Background Despite the clinical evidence that androgens stimulate sebaceous lipids, androgens in vitro have shown no similar effects. This contradiction led to the assumption that cofactors may be required for lipid regulation and peroxisome proliferator‐activated receptor (PPAR) ligands were suggested to be adequate candidates.

Objectives The influence of testosterone and linoleic acid, a PPAR ligand, as single agents and in combination with of LY191704, a 5α‐reductase type I inhibitor, was examined on 5α‐dihydrotestosterone (5α‐DHT) synthesis and lipid content in human SZ95 sebocytes.

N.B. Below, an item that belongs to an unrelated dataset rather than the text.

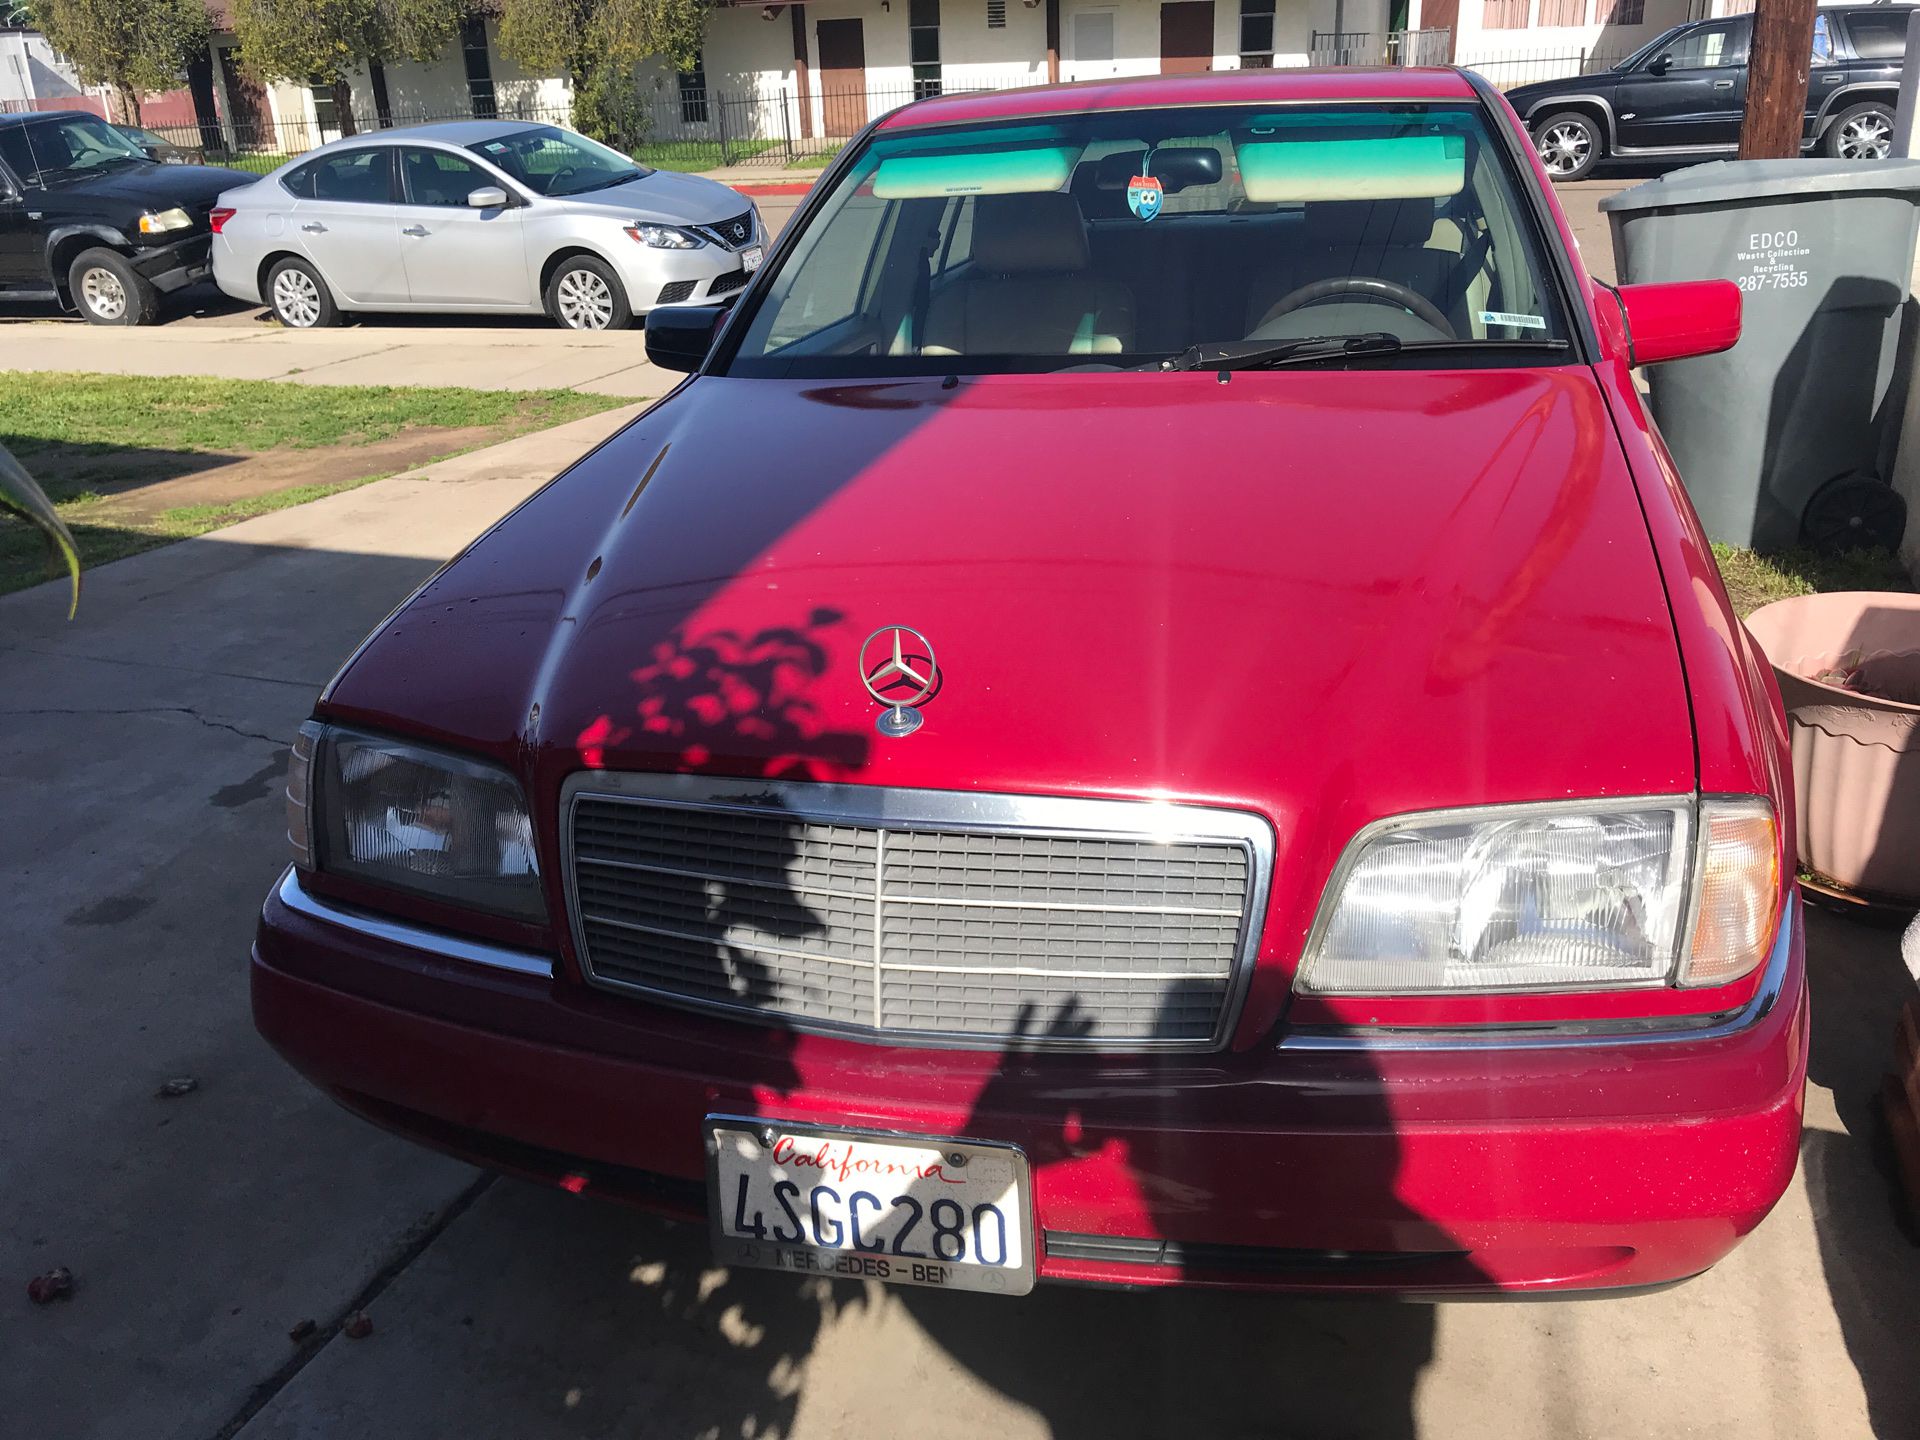 Mercedes Benz for parts 1996 C280 parting out or sale all it will start but had oil leak best offer will take it

Methods Cell proliferation and viability were measured by the 4‐methylumbelliferyl heptanoate fluorescence assay and by the Boehringer Lactate Dehydrogenase Assay kit, respectively. 5α‐DHT enzyme‐linked immunosorbent assay was used for the detection of 5α‐DHT synthesis in cell supernatants after treatment, whereas lipid production was documented by means of the Nile red lipid microassay and fluorescence microscopy.

Results Testosterone promoted 5α‐DHT synthesis (P < 0·001), whereas linoleic acid increased sebaceous lipids (P < 0·001). The combination of testosterone and linoleic acid exhibited a synergistic effect on the synthesis of 5α‐DHT (P < 0·01 vs. testosterone) and sebaceous lipids (P < 0·01 vs. linoleic acid). Furthermore, LY191704 reduced 5α‐DHT and sebaceous lipid levels (P < 0·01 and P < 0·001 in comparison with testosterone/linoleic acid, respectively). Cell proliferation and viability remained unchanged under treatment with all compounds tested.

Conclusions These data suggest a catalytic effect of PPAR ligands on cellular testosterone activation by 5α‐reduction and the importance of the latter for the regulation of sebaceous lipids.